DPIA’s will have a direct impact on your teams and their workflow, but depending on the scope and context of your research you might not have to do one for each project. The ICO who are the Data Protection Authority in the UK have some great guidance on how to complete a DPIA.
Step 5: Obtain valid consent
Ensure that you have obtained valid and informed consent from research participants that are transparent about how their data will be collected, used, and shared. Consent should be obtained clearly and understandably, and participants should have the right to withdraw their consent at any time.
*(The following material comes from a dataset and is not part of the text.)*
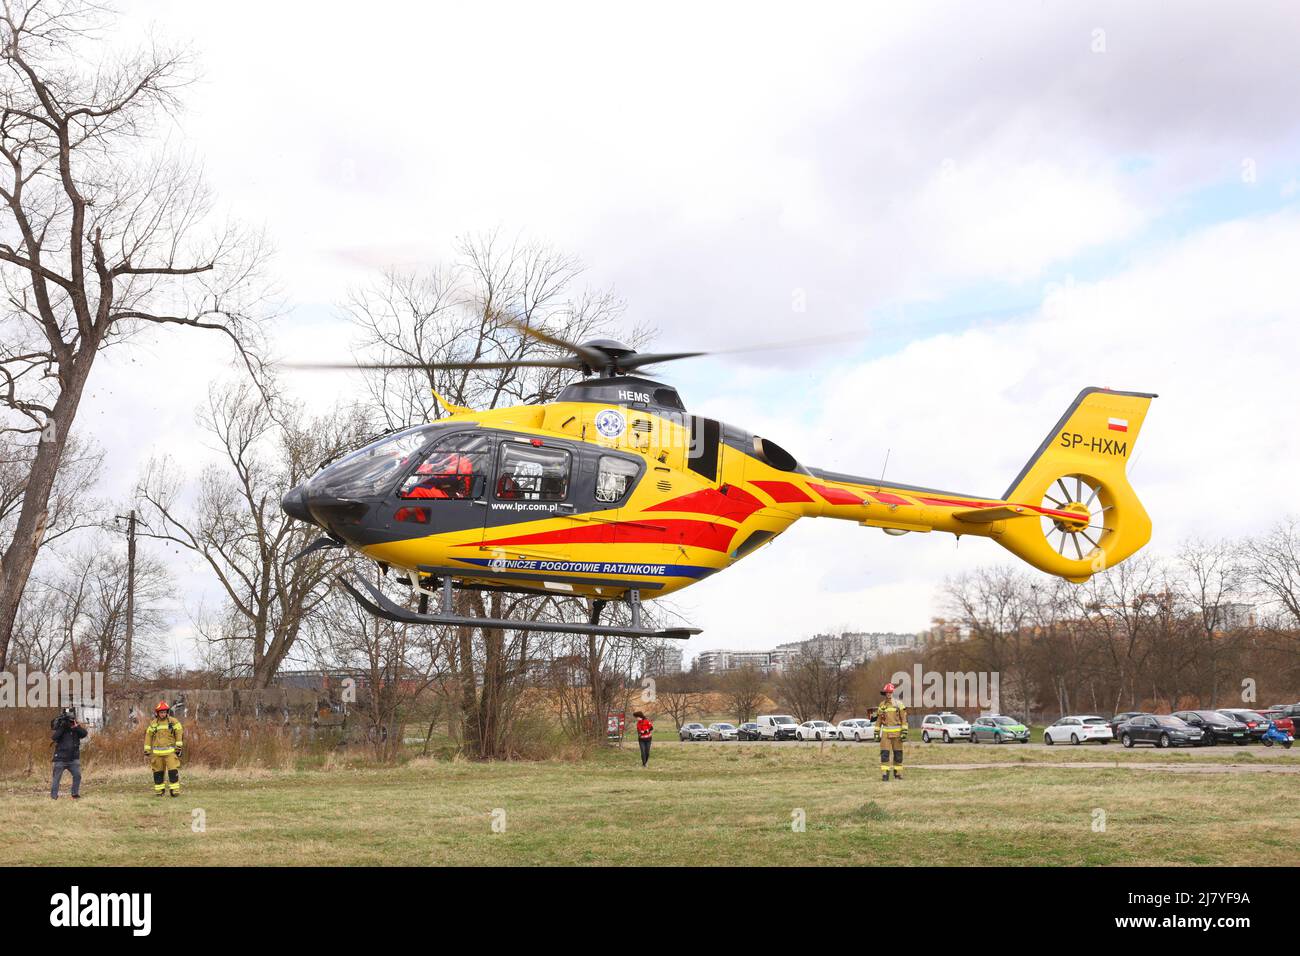 Cracovie. Cracovie. Pologne. L'hélicoptère de sauvetage aérien Eurocopter EC1352 est aéroporté pendant l'exercice d'entraînement d'accident simulé de victimes massives. Banque D'Images

During the process of obtaining consent, you’ll need to evidence:
- The information disclosed to your participant at the point of obtaining consent
- Precisely how your participant was asked for consent
- When your participant gave their consent
At first glance, this might sound quite straightforward. But if you think about all of the different ways that you obtain consent (remotely, in person, via a third-party recruiter or tool), keeping track of this across all of those channels and across your entire team is far from easy.
It’s also good to consider your participant’s experience during this phase. Do they need to print, scan, or install any plugins or software to sign the form? Is the format accessible? For example, will it work with a screen reader? Are you using plain language that is simple to understand? Are you disclosing information in the participant’s first language?
Step 6: Implement appropriate security measures
This should go without saying, but it’s essential to make sure that personal data is safe and secure throughout the research process. This may include pseudonymisation, encryption, and access controls to protect against unauthorised access, loss, or theft of personal data.
Your data map from step 2 should highlight the security measures you have in place across your research workflow. Some quick wins that can dramatically improve your security are:
- Use a password manager (like 1Password) or Single Sign On (SSO) for account management.
- Enable 2 Factor Authentication (2FA) on all accounts holding your participant’s data.
- Use dedicated tools with encryption and access controls for larger data sets, such as your participant database or research repository.
Cross border transfers
Another less talked about issue for security (at least in terms of the GDPR) is cross-border transfers. Cross-border transfers in GDPR involve moving personal information from the EU or EEA to a third country. The GDPR has strict rules to protect people’s personal information during these transfers. Although personal information can be transferred for valid reasons like business or legal purposes, it must comply with GDPR rules to protect people’s rights and to ensure it’s protected.
Cross-border transfers are important because not all countries have the same levels of protection in place to protect their citizen’s personal data. And, because of how cloud-based software is built, there is often a combination of providers (aka Subprocessors) behind each app. So it’s essential to understand precisely where personal data travels as you use each tool.
The GDPR requires that the data controller or processor transferring personal data outside the EU/EEA must ensure an adequate level of protection for the data. This might mean:
- Obtaining explicit consent from the data subjects
- Signing a data processing agreement with the recipient, or
- Relying on specific legal mechanisms, such as standard contractual clauses or binding corporate rules.
Establishing a GDPR-compliant research practice and working toward Privacy by Design and Default principles is a constantly moving target. By following these steps and working closely with data protection professionals like your DPO, you can ensure that your research practices are GDPR compliant and continue to put the privacy and rights of research participants at the forefront of your work.